Ellis, sentado en un rincón de la habitación 710 contemplaba a la media docena de técnicos que maniobraban alrededor de la cama, Había dos hombre; del laboratorio de isótopos comprobando una posible pérdida de radiaciones; una enfermera extraía sangre para el laboratorio químico, con objeto de examinar los niveles asteroidales; un técnico de EEG remontaba los monitores; y, finalmente, Gerhard y Richard daban un último repaso a los hilos de la confrontación.
Entre todos ellos, Benson yacía inmóvil, respirando con facilidad y con la mirada fija en el techo. No parecía preocuparse por la gente que le tocaba, le levantaba los brazos o le cambiaba las sábanas; contemplaba imperturbable el techo.
Uno de los hombres del laboratorio de radiación tenía unas manos muy peludas, que contrastaban con la blancura de su bata. Por un momento, el hombre apoyó su velluda mano en el vendaje de Benson. Ellis pensó en los monos que había operado. Aquello de reducía a una cuestión de pericia técnica, porque uno siempre sabía (por más que procurase olvidarlo) que se trataba de un mono y no de un ser humano, y que si cometía un error y cortaba al mono de oreja a oreja, la cosa no, tenía la menor importancia. No habría preguntas, ni familiares, ni abogados, ni noticias en los periódicos, ni siquiera una nota impertinente del Departamento de Gastos pidiendo cuenta de los ochenta dólares que costaban los monos. A nadie le importaba un comino, y a él tampoco. No estaba interesado en ayudar a los monos; pretendía ayudar a los seres humanos.
Benson se movió.
—Estoy cansado —dijo, mirando en dirección a Ellis.

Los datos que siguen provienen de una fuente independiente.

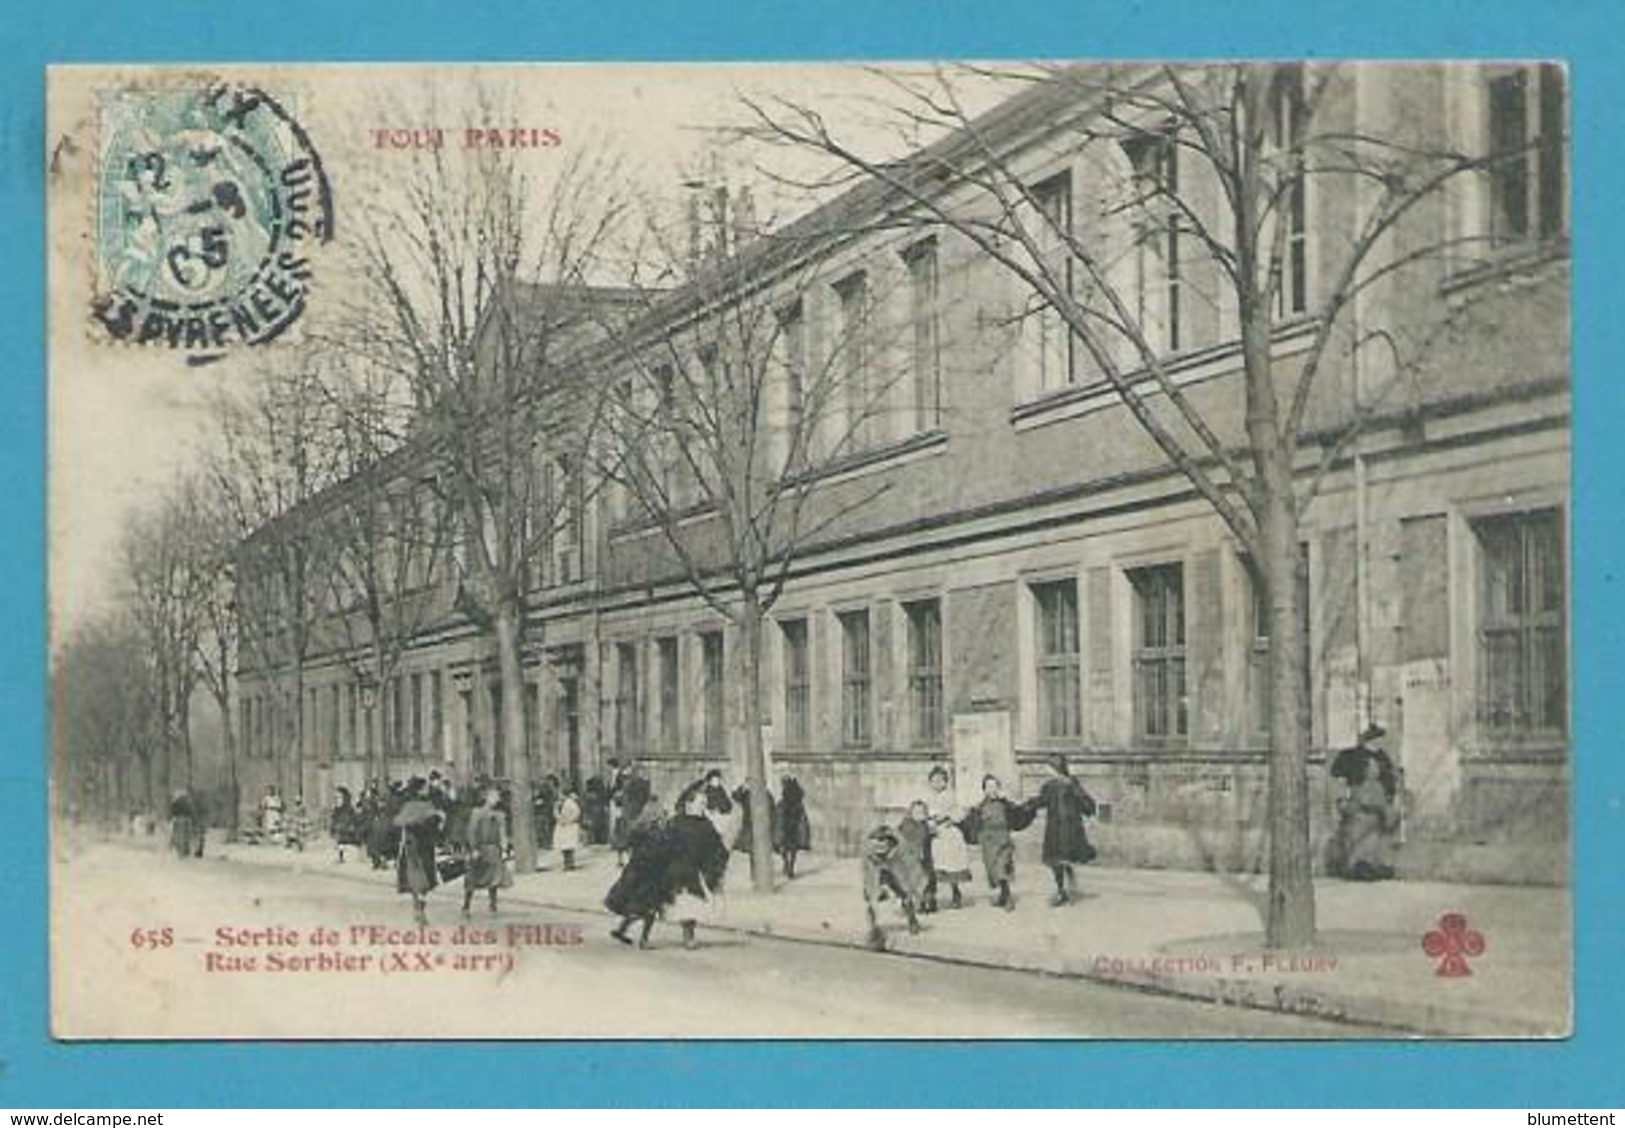 CPA 658 TOUT PARIS - Sortie De L'Ecole Des Filles Rue Sorbier (XXème) - Editeur FLEURY - Distretto: 20

—¿Han terminado ya, muchachos? —interrogó Ellis.
Uno a uno, los técnicos se apartaron de la cama, asintiendo; recogieron sus instrumentos y sus datos y salieron de la habitación. Gerhard y Richard fueron los últimos en irse. Por fin Ellis se quedó solo con Benson.
—¿Desea dormir? —preguntó Ellis.
—Me siento como una maldita máquina, como si fuera un automóvil en un taller muy complicado. Como si estuviera siendo reparado.
Benson empezaba a enfurecerse y Ellis observó que su propia tensión iba en aumento. Sintió la tentación de llamar a las enfermeras y a los practicantes para que sujetaran a Benson cuando se produjera el ataque. Pero permaneció sentado.
—Todo esto son tonterías —dijo.
Benson le miró encolerizado, respirando con fuerza.
Ellis observó los monitores situados encima de la cama. Las ondas cerebrales seguían un trazado irregular, e iban adquiriendo la configuración de un ataque.
Benson arrugó la nariz y olfateó.
—¿Qué es este olor? Este horrible…
Sobre la cama, la luz roja del monitor centelleó «ESTIMULACIÓN». Las ondas cerebrales describieron un remolino de líneas blancas durante cinco segundos. Simultáneamente, las pupilas de Benson se dilataron. Después las líneas se enderezaron; las pupilas recuperaron su tamaño normal, Benson se volvió, miró hacía la ventana, iluminada por el sol de la tarde.
—Oiga —dijo—, hace un día espléndido, ¿verdad?